[DATASET EXCERPT Boundary: Start]
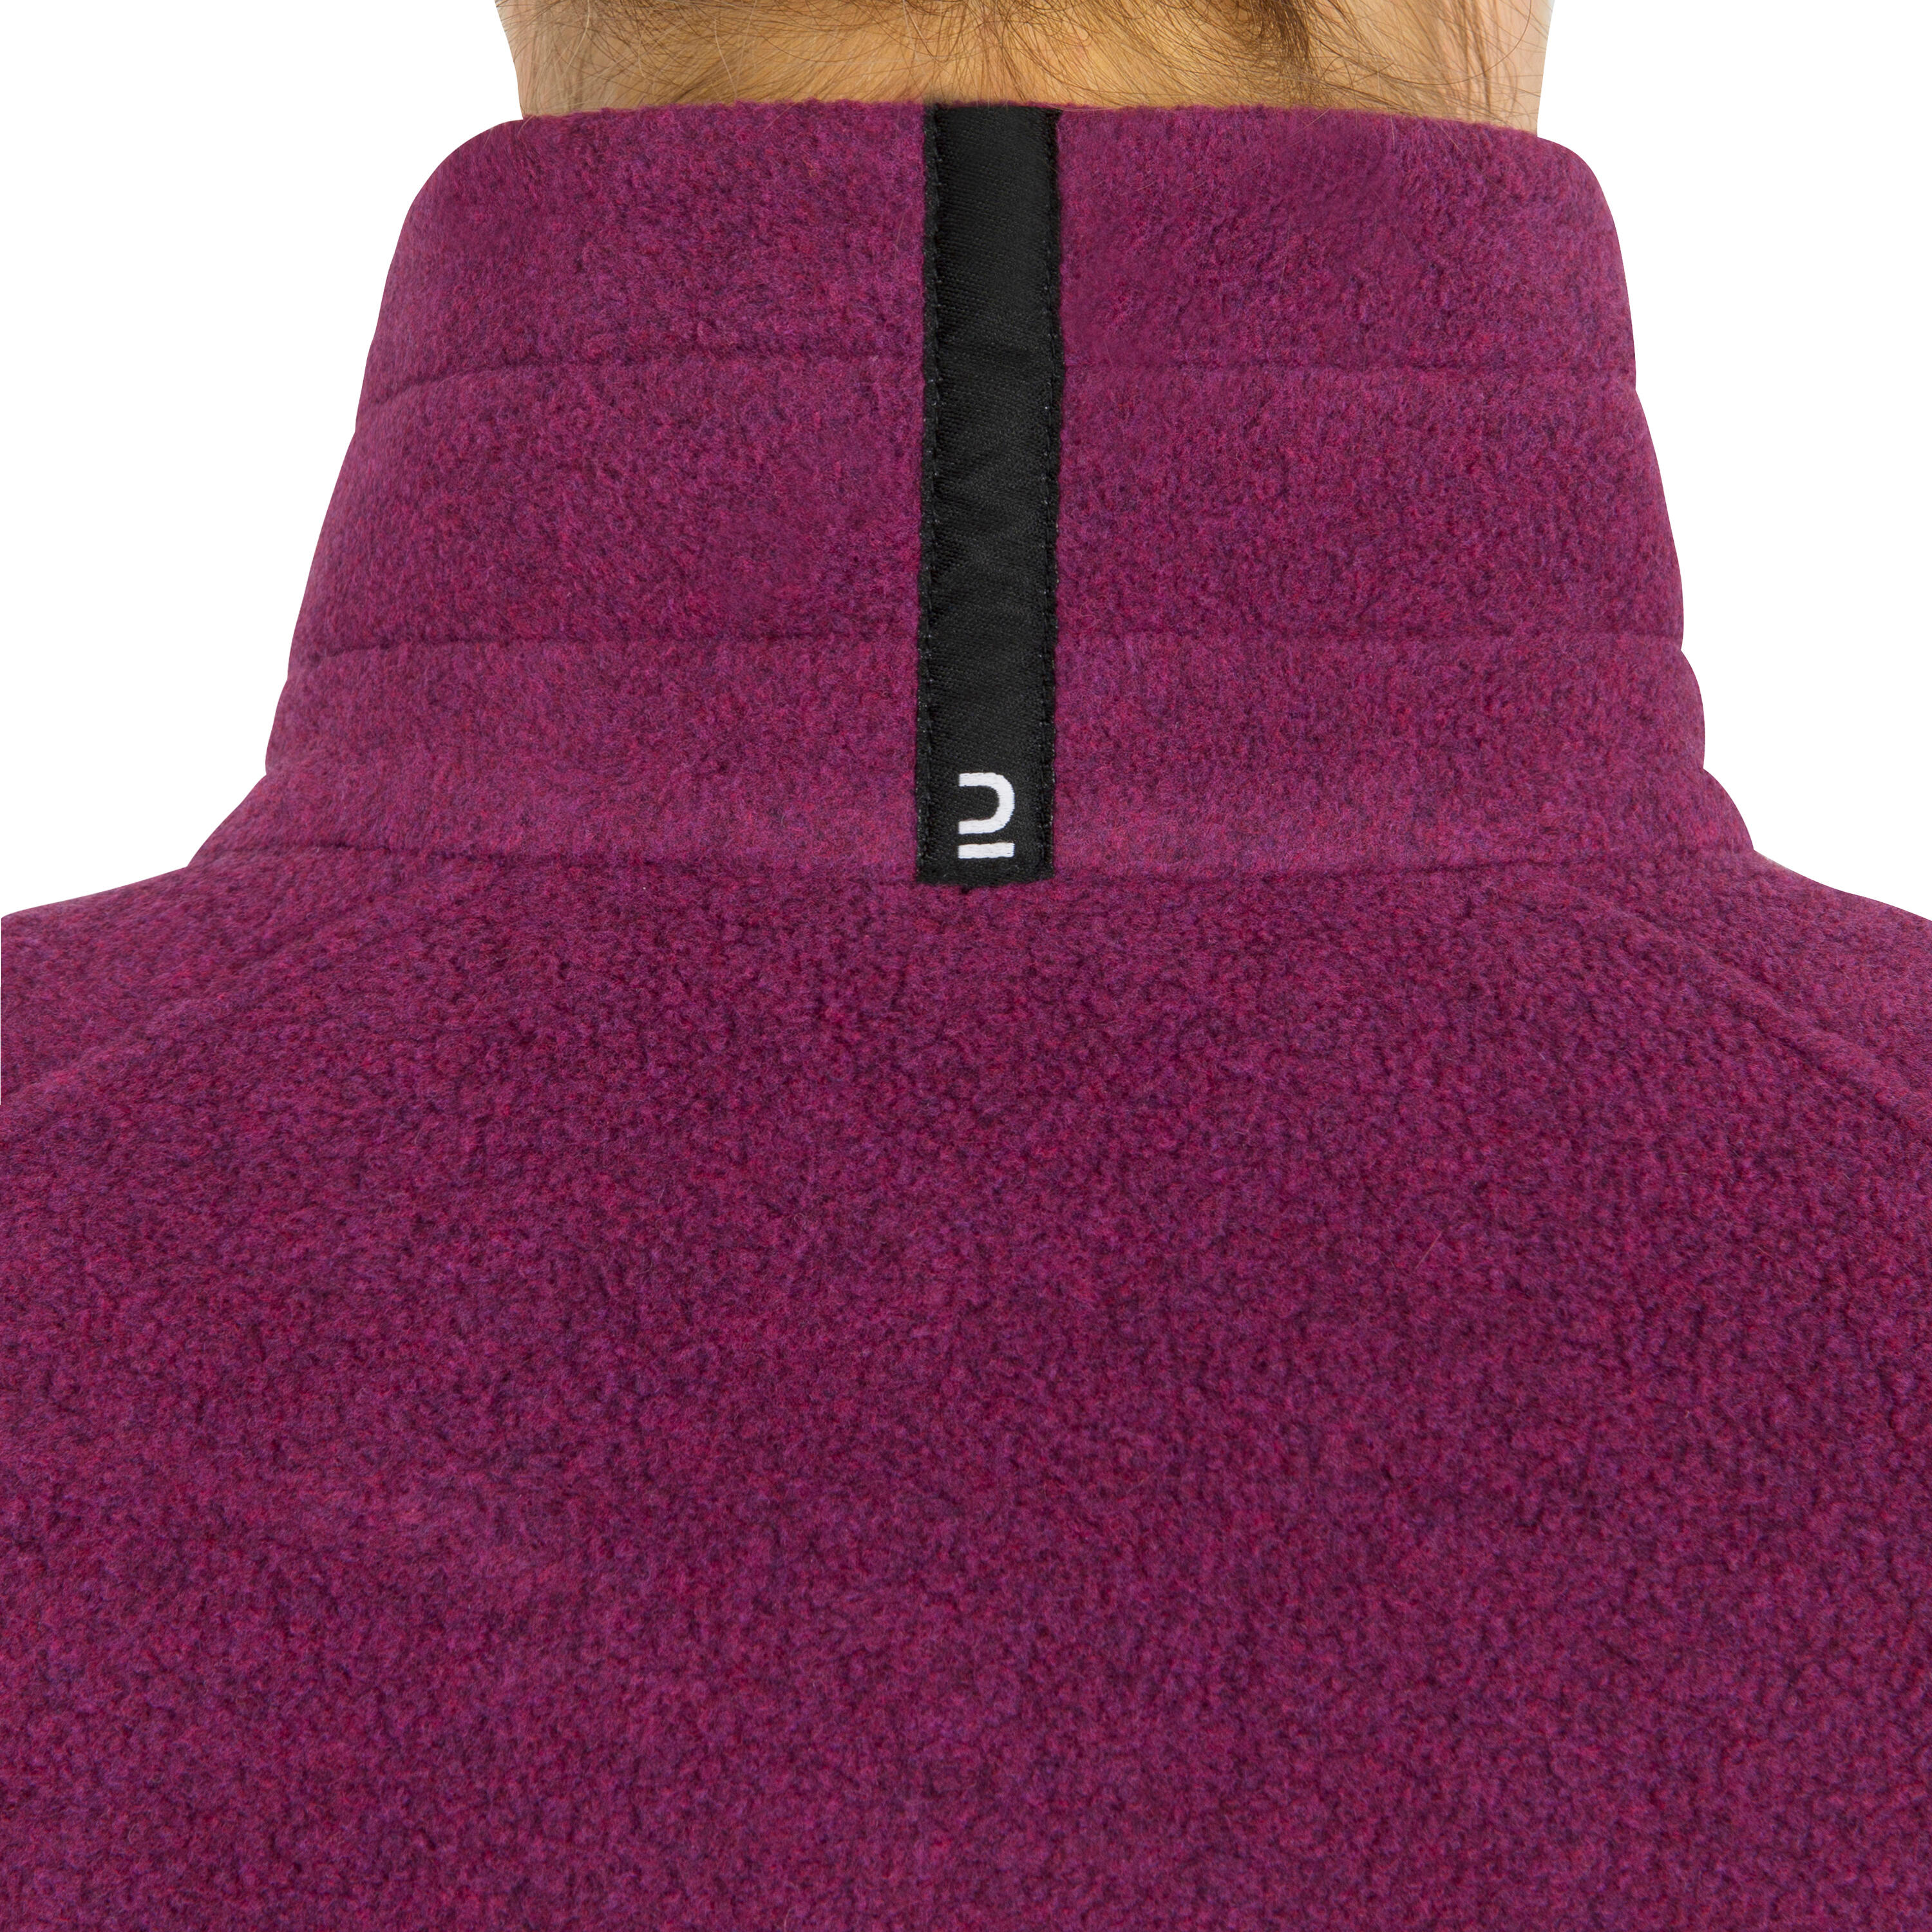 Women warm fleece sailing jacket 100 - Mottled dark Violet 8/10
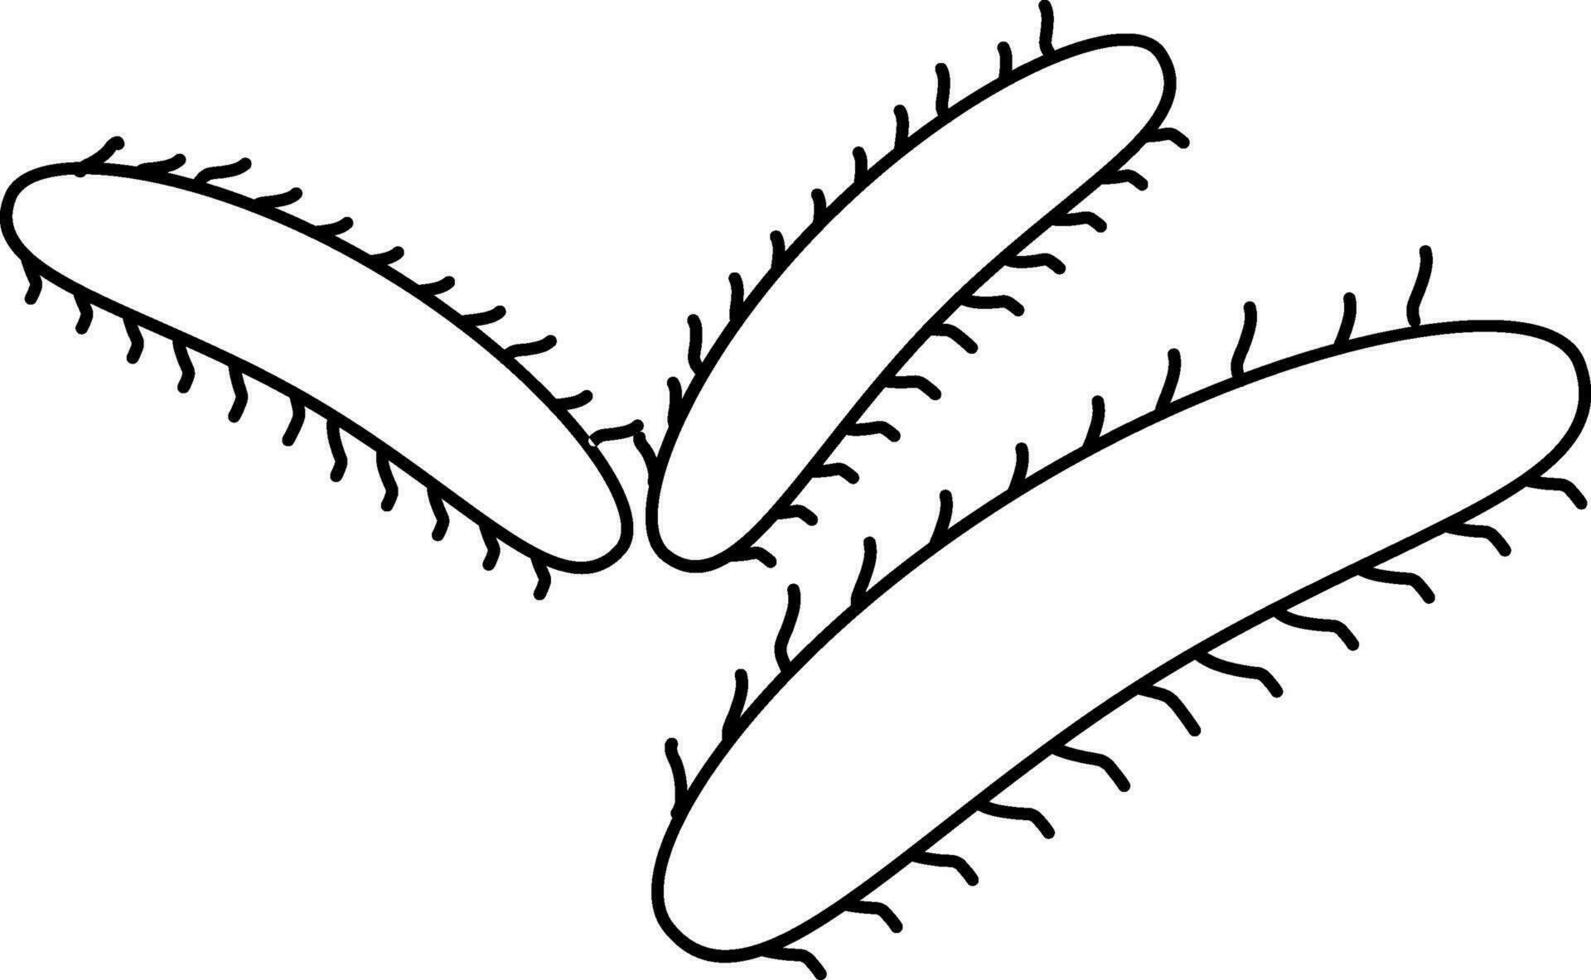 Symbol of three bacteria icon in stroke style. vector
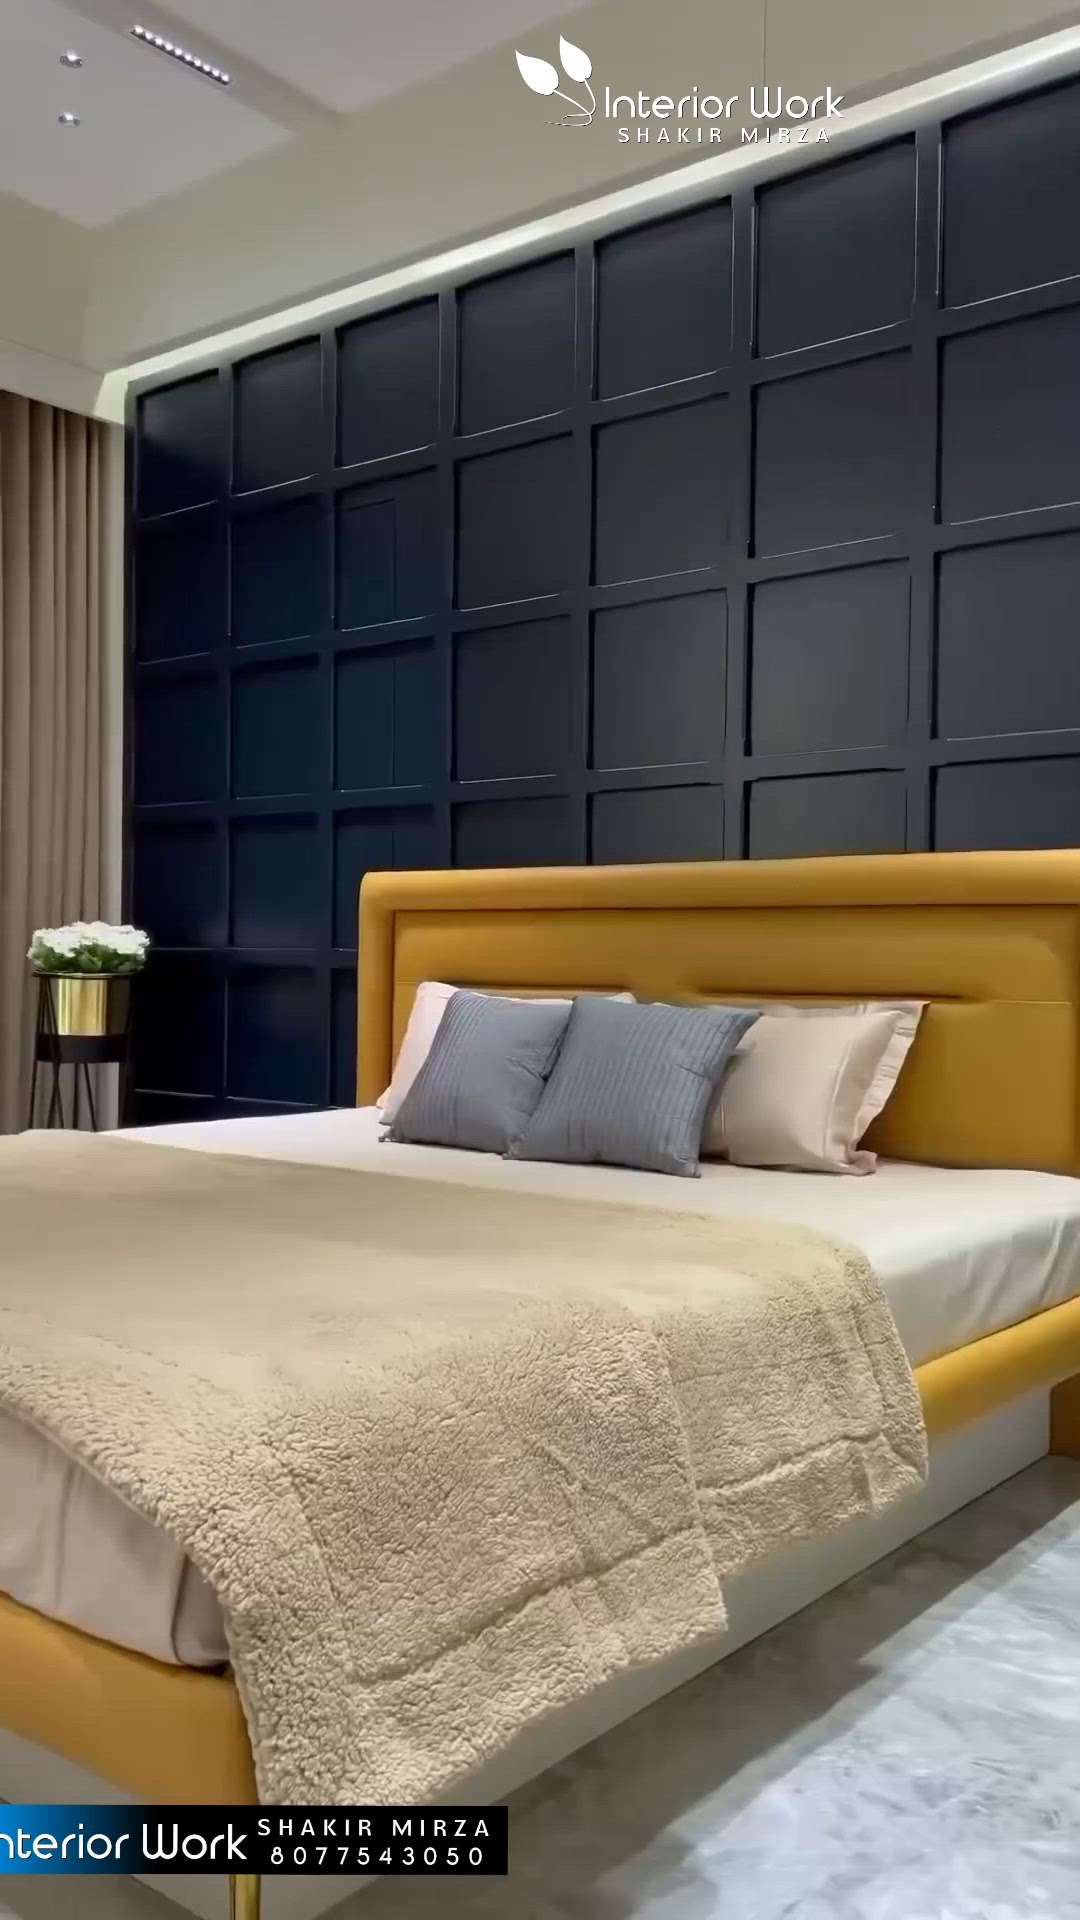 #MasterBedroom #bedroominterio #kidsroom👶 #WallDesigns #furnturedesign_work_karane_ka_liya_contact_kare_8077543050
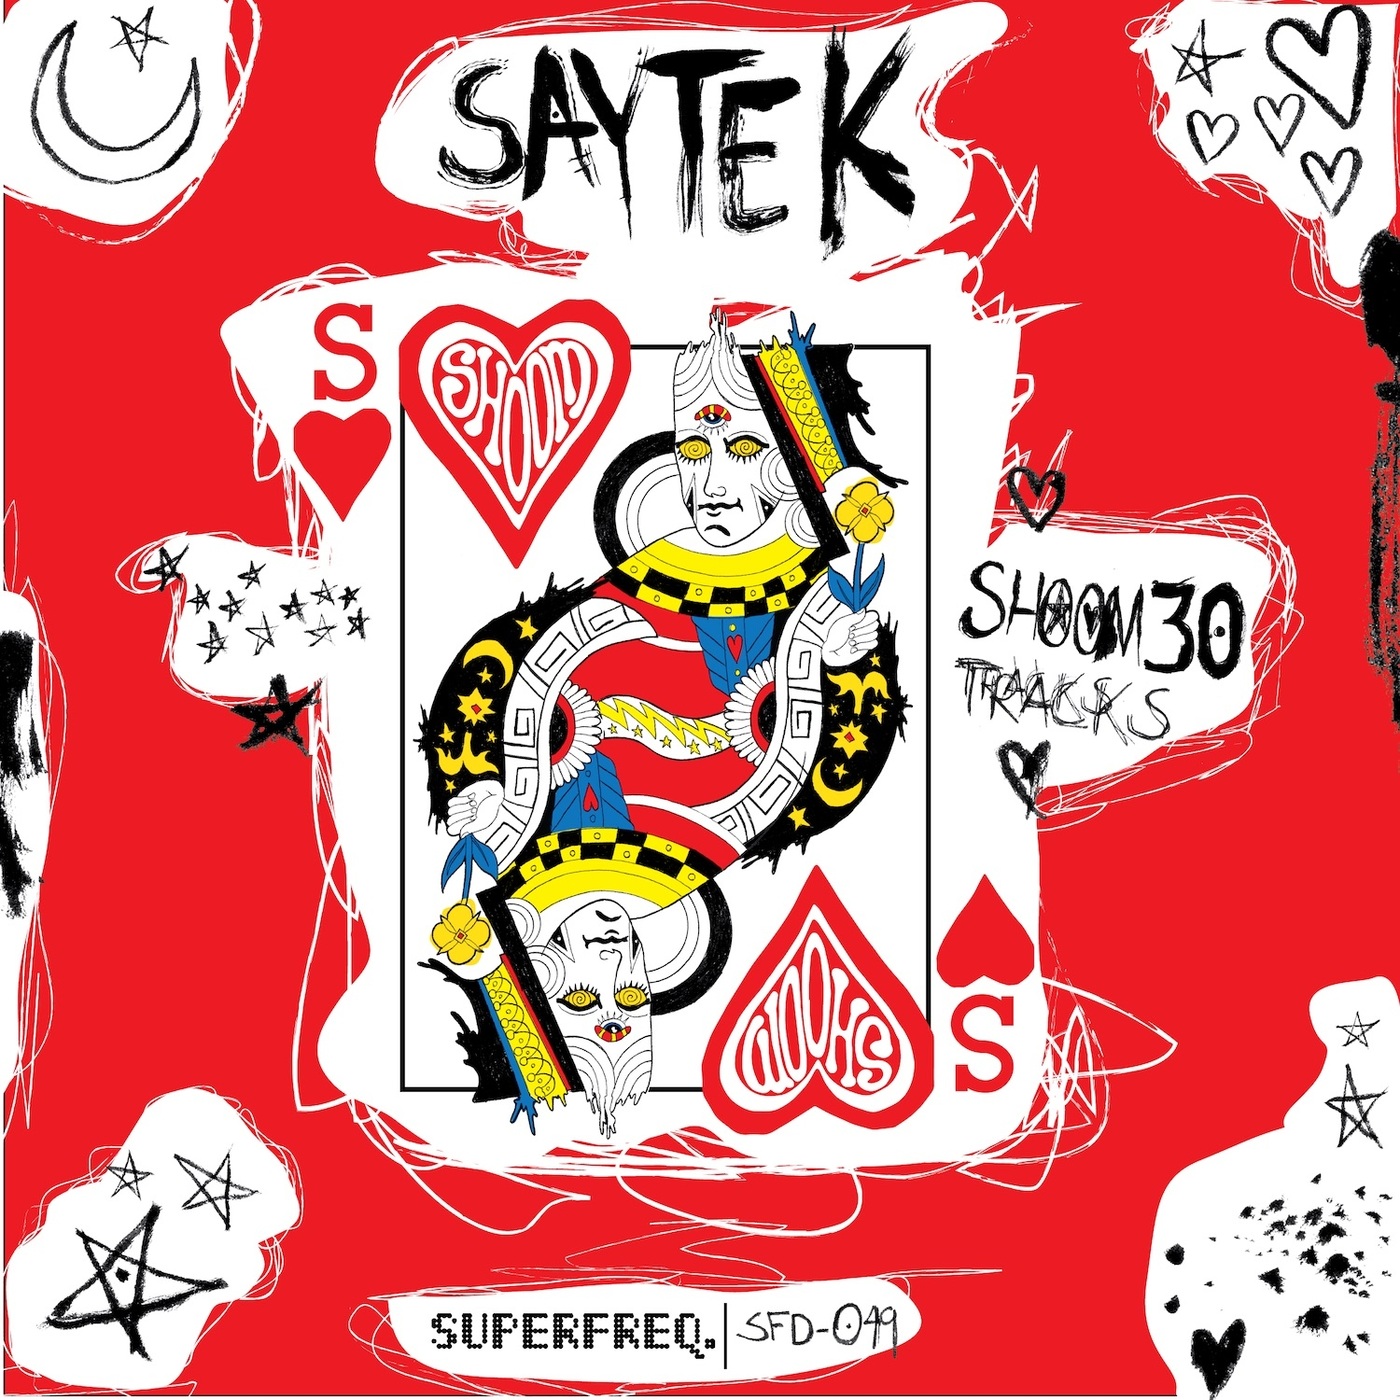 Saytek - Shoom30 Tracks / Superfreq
[DATASET EXCERPT Boundary: End]
▸ EXERCISE DETAILS: Omit the pictures and repeat the rest of the listing verbatim.

▸ FINISHED EXERCISE:
 Women warm fleece sailing jacket 100 - Mottled dark Violet 8/10
 Symbol of three bacteria icon in stroke style. vector
 #MasterBedroom #bedroominterio #kidsroom👶 #WallDesigns #furnturedesign_work_karane_ka_liya_contact_kare_8077543050
 Saytek - Shoom30 Tracks / Superfreq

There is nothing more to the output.